* Data segment
════
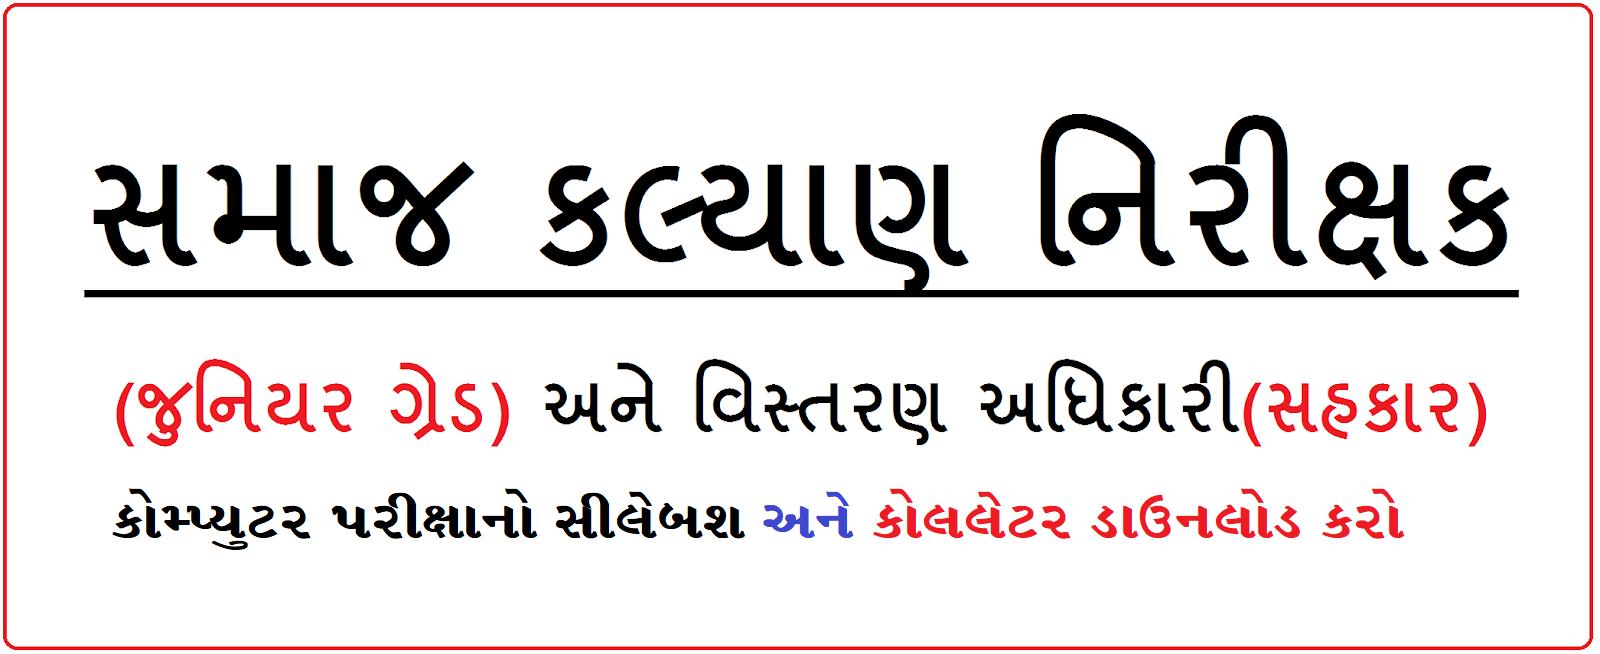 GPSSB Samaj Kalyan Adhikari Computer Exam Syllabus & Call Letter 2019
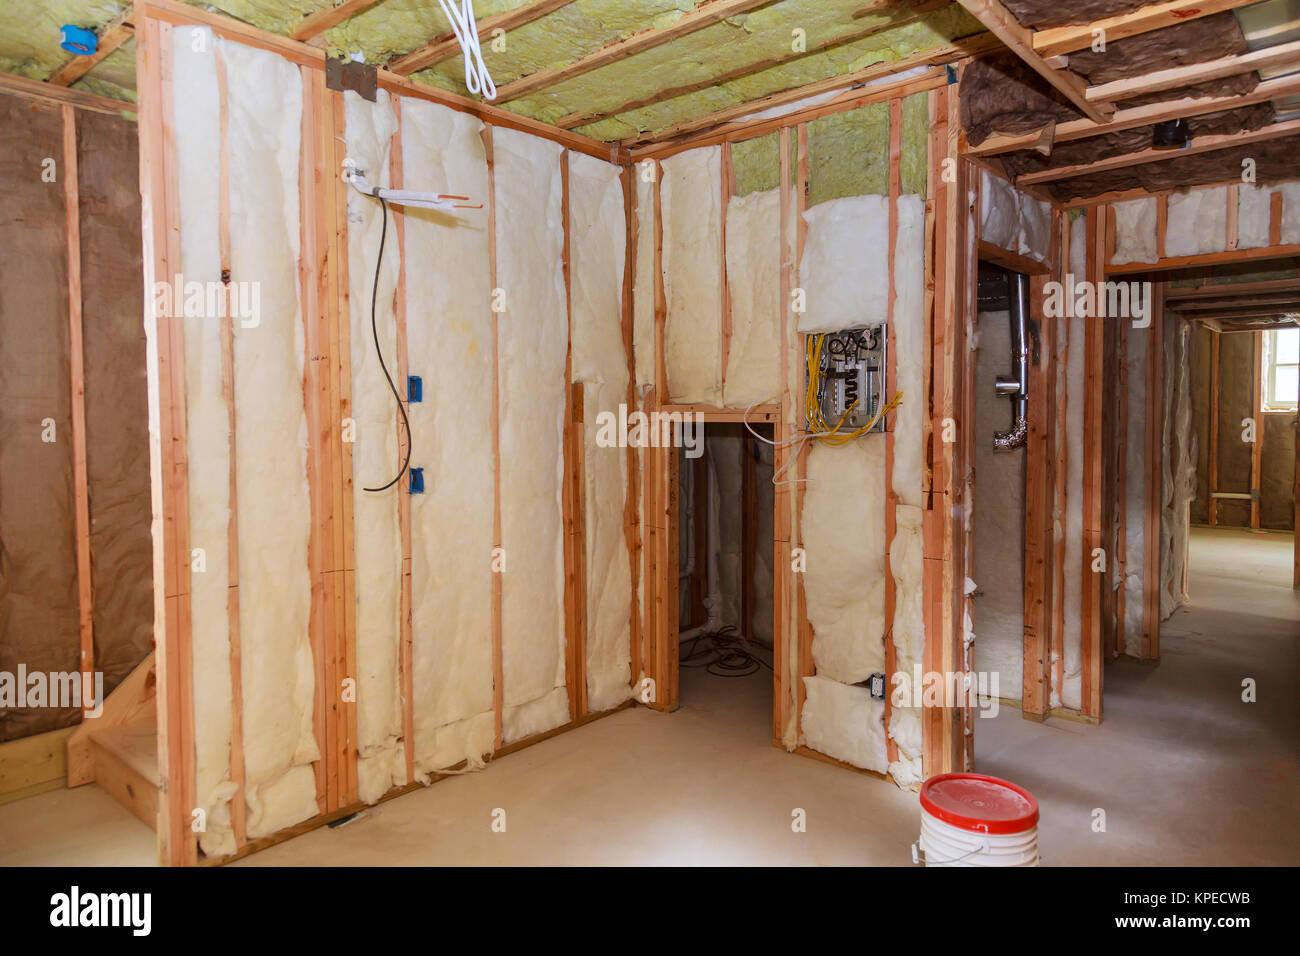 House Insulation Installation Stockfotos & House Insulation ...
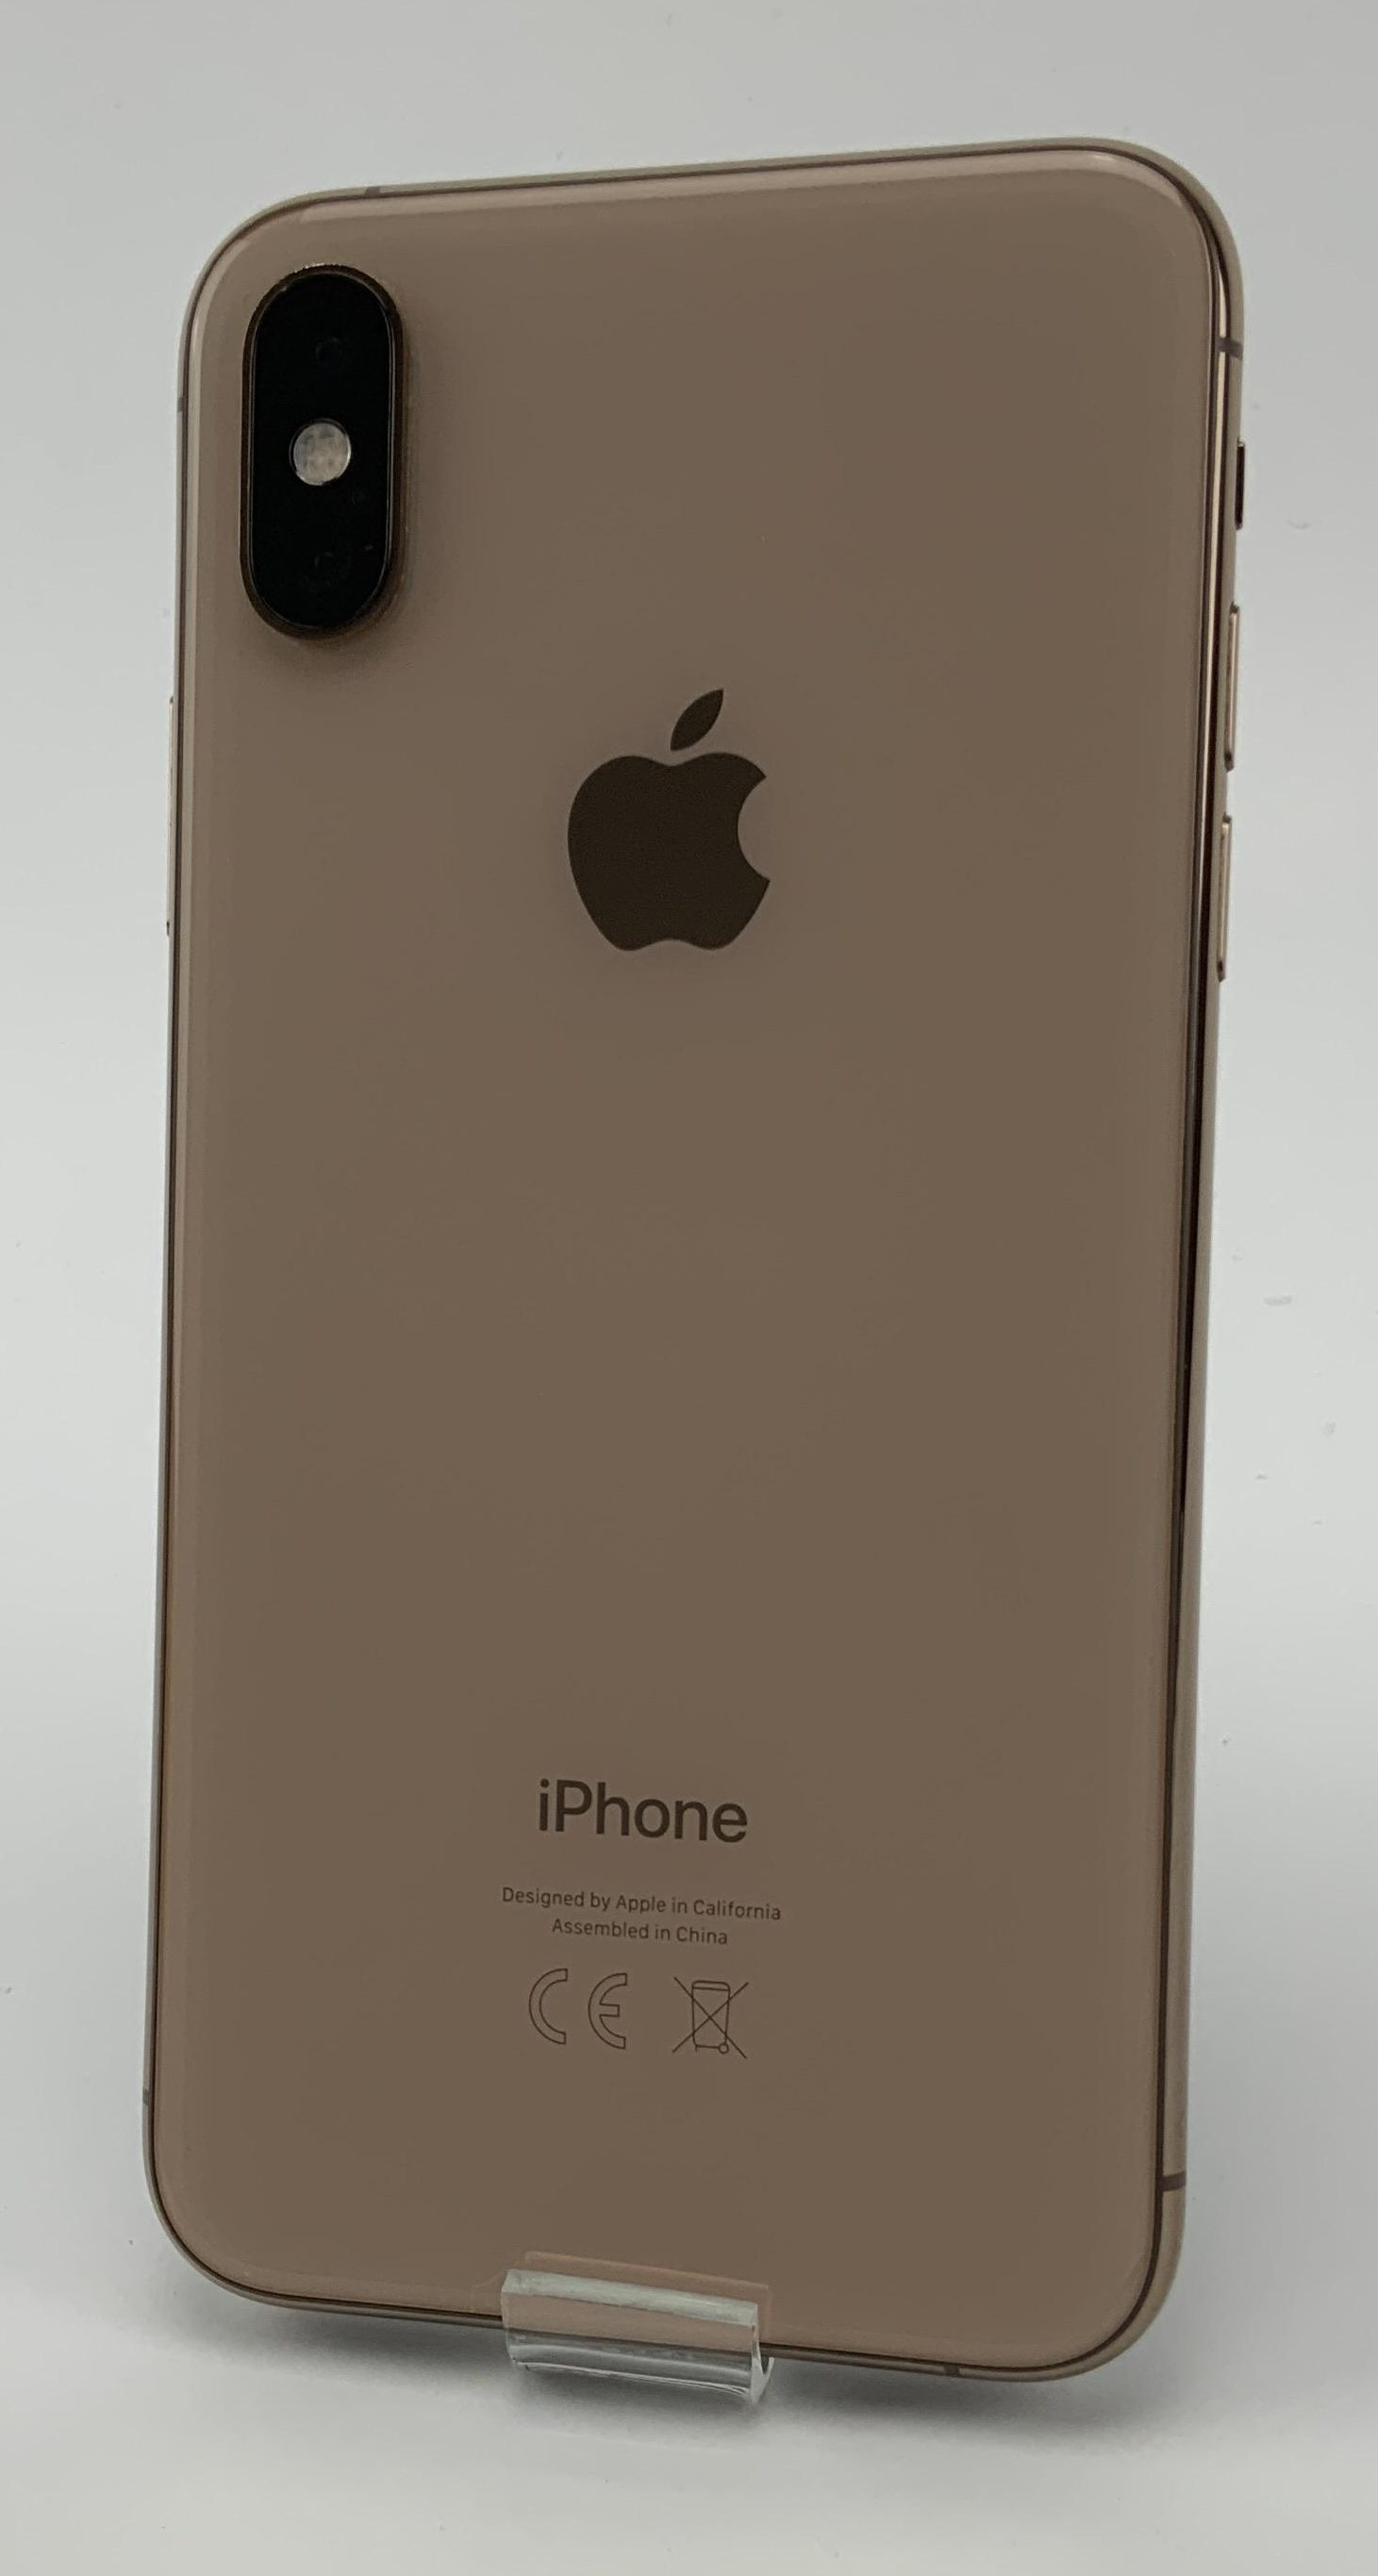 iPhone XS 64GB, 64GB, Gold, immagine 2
════
* Task brief
Give the lines from the one containing "House Insulation Installation" through the last line of the material again, exactly and with no pictures, both ends included.

* Answer area
 House Insulation Installation Stockfotos & House Insulation ...
 iPhone XS 64GB, 64GB, Gold, immagine 2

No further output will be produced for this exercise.